Finally, to see if SNEPs were more frequent among nucleosomes known to be evicted upon an environmental change, we used previous maps of nucleosome positioning in normal and stress conditions [26] and counted SNEPs among 147 remodeled nucleosomes and 61,623 unperturbed ones. Although this dataset represents only one environmental change and the remodeling of relatively few nucleosomes, a significant 1.7 fold enrichment of SNEPs was seen among these ‘mobile’ nucleosomes (P = 0.01, Chi-square).

One SNEP is associated with differential gene activation upon stimulation

We reasoned that SNEPs could influence the dynamics of activation or repression. Intuitively, an acetylated nucleosome may be more rapidly evicted than a non-acetylated one upon promoter activation [40].

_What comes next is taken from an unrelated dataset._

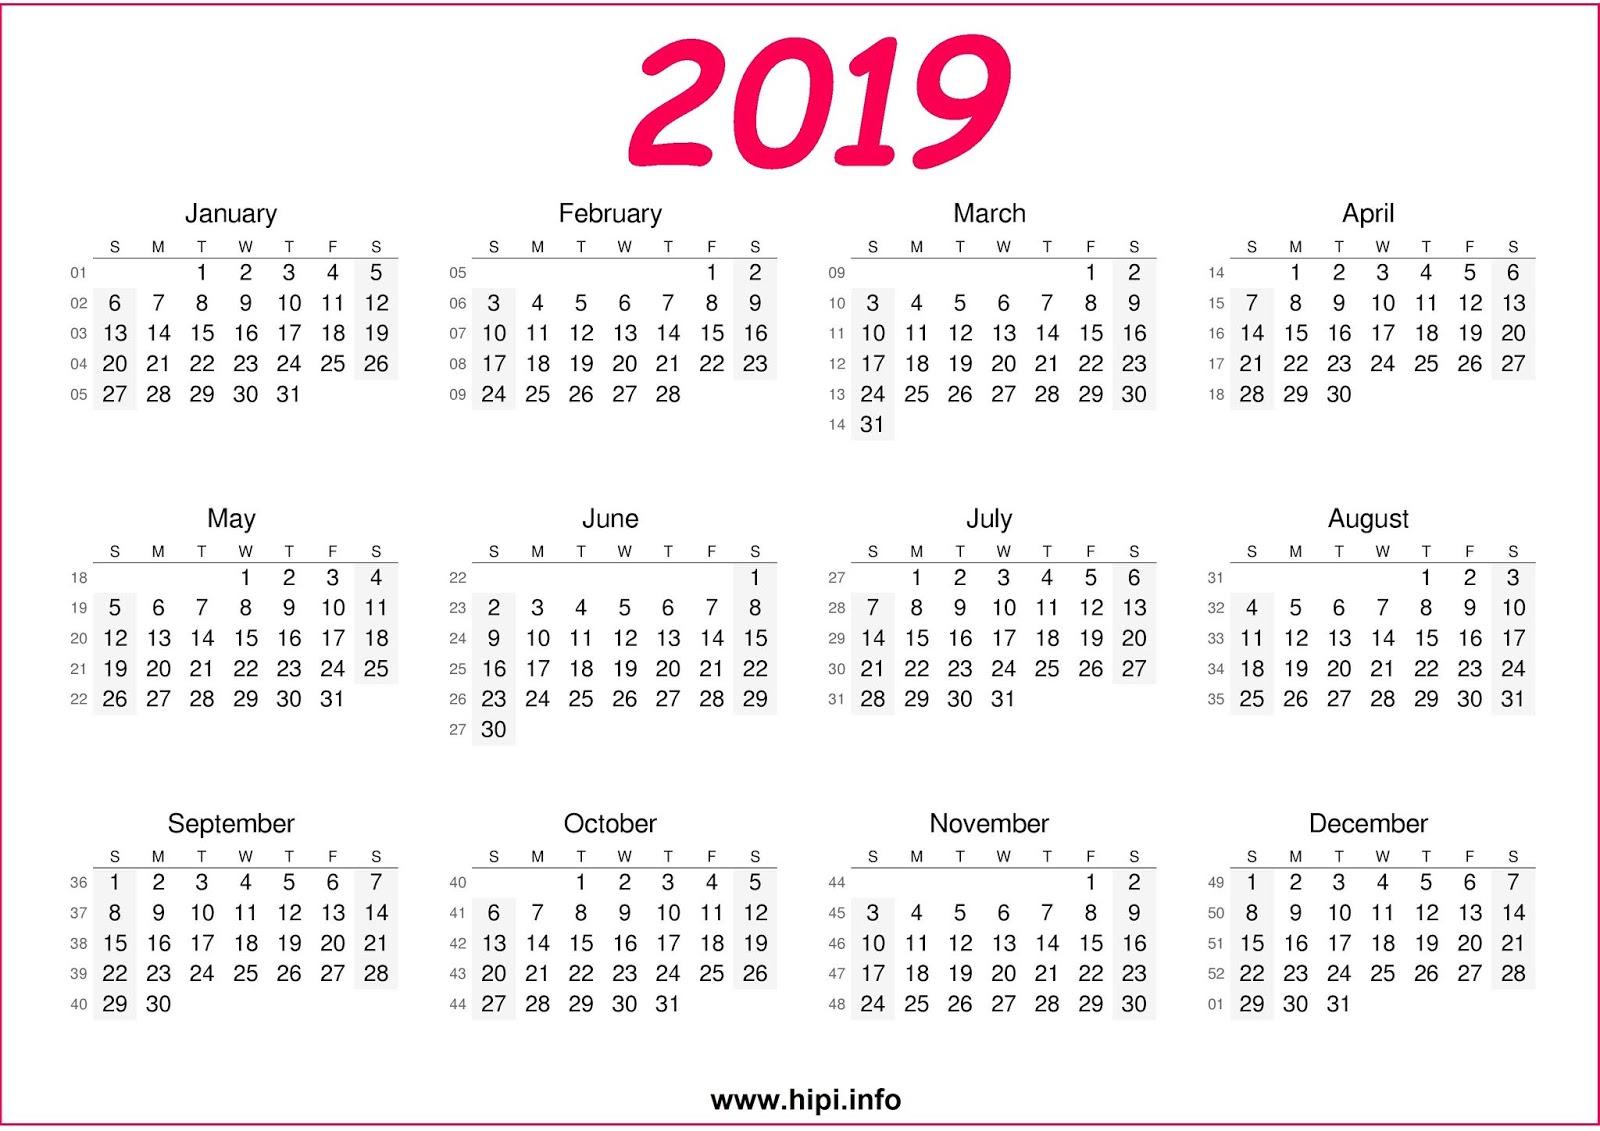 calendar 2019 free download a4 paper size 300 dpi

We noticed one SNEP where association with a differential dynamic response could be tested experimentally. A nucleosome contained a binding site for transcription factor Hsf1 (Heat Shock Factor 1) in the promoter region of the AHA1 gene, which codes for a co-chaperone of Hsp90 known to be activated upon heat-shock [41]. This nucleosome had similar positioning in BY and RM but was acetylated at H3K14 in BY only (Figure 4B), while the DNA sequence of Hsf1-binding site was fully conserved between the two strains. Notably, other nucleosomes of the region were acetylated in both strains. We exposed BY and RM cells to heat shock and monitored AHA1 mRNA by real-time quantitative RT-PCR (Figure 4C). Gene induction was unambiguously more pronounced in BY than RM. This marked difference was not observed when quantifying mRNA from three other HSP genes (SSA3, FES1 and CPR6) lacking SNEP (Figure S8). This example illustrates how one SNEP can be associated with gene activation differences upon an environmental change.

Discussion

We observed that nucleosome positioning at promoter regions was similar between two unrelated strains of S. cerevisiae. Because these strains have a large extent of transcriptional differences, this argues that differences in nucleosome occupancy profiles are not a major source of intra-species variation in gene expression.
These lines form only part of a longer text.